I'll have to get back to you on histogram. I shot all these through the viewfinder, which is how I was used to it way back when I owned an AE-1 some 20 years ago! Heck, I'm still getting used to the fact you can even change ISO from picture to picture, rather than finishing the whole roll of film first!

I customized one or two things in the initial camera setup, but pretty much shot with the settings as they came out of the box. I used Aperture mode, usually f/2.0 or 2.2 for lower-light. Lens was the 50mm 1.8 II.
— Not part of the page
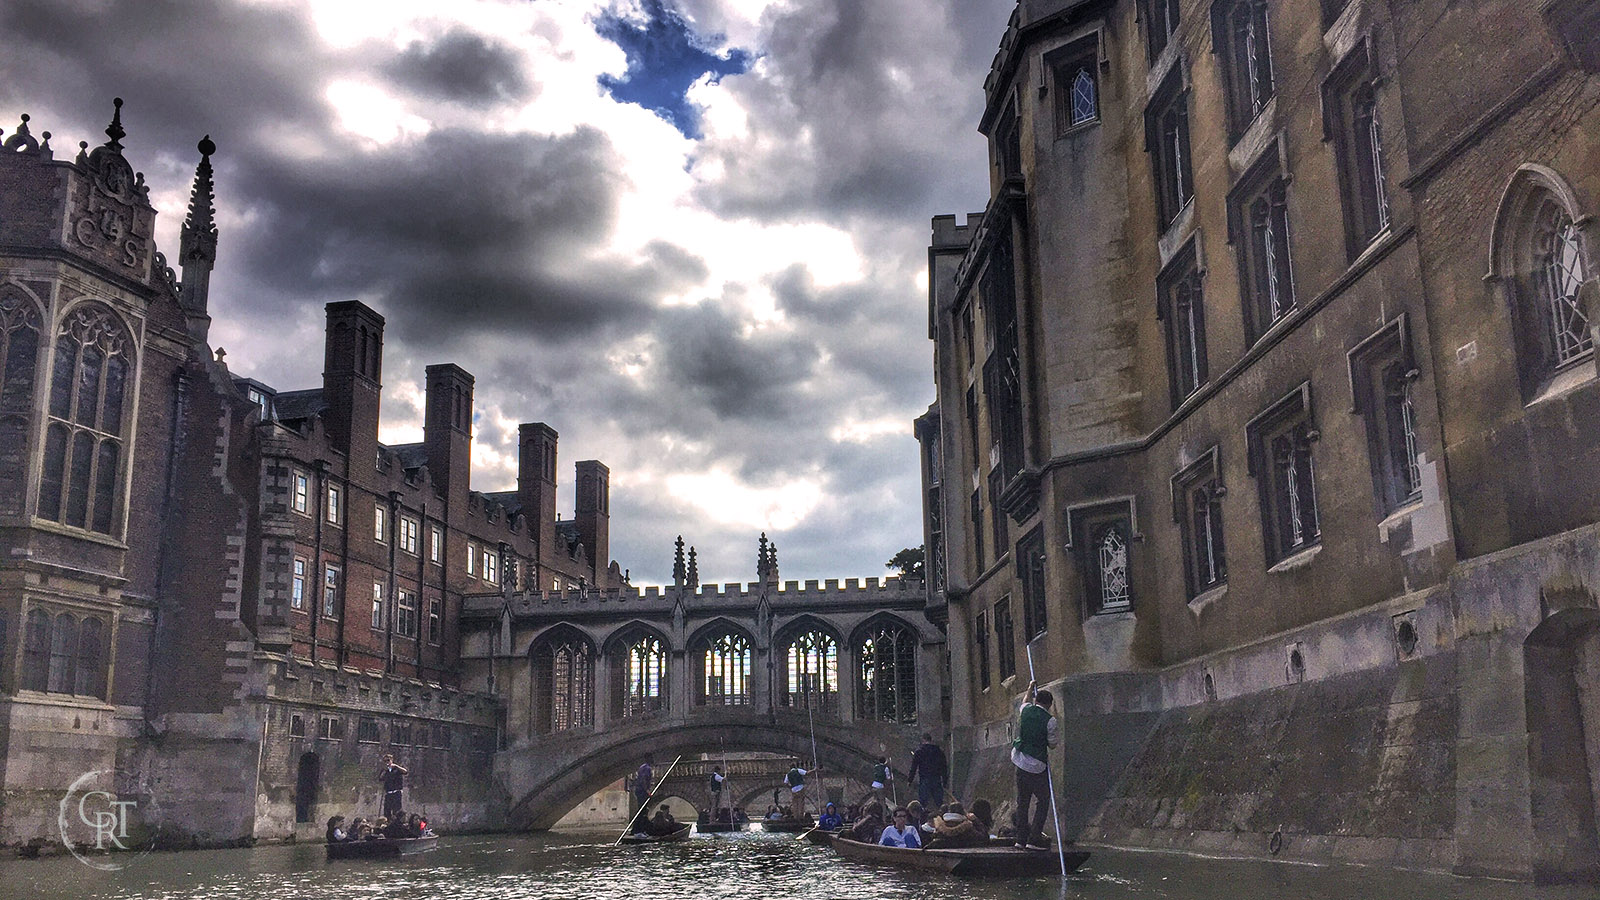 Bridge of Sighs, as seen from a punt

Below are some examples of what I was up against. First sets the stage. Dark background. Bass player had a red stage light on him, and he's wearing a red shirt too! Lovely. The young lady had two white lights shining down on her, and the guitarist had a yellow light on him. There was also outside light coming in from a large window on the right side of the stage. I have many shots that came out very similar to this one:

QUOTED IMAGE
IMAGE LINK: http://www.flickr.com …/44279927@N07/7​288983366/  (external link)
IMG_0263 (external link) by RichPadula (external link), on Flickr

In looking at this first picture after the fact, it looks like (a) it focused on the background,(b) there is also some motion blur in the girl's hand, and (c) she is very overexposed, as are the guitarist's elbow and guitar face - there's very little detail in the wood grain.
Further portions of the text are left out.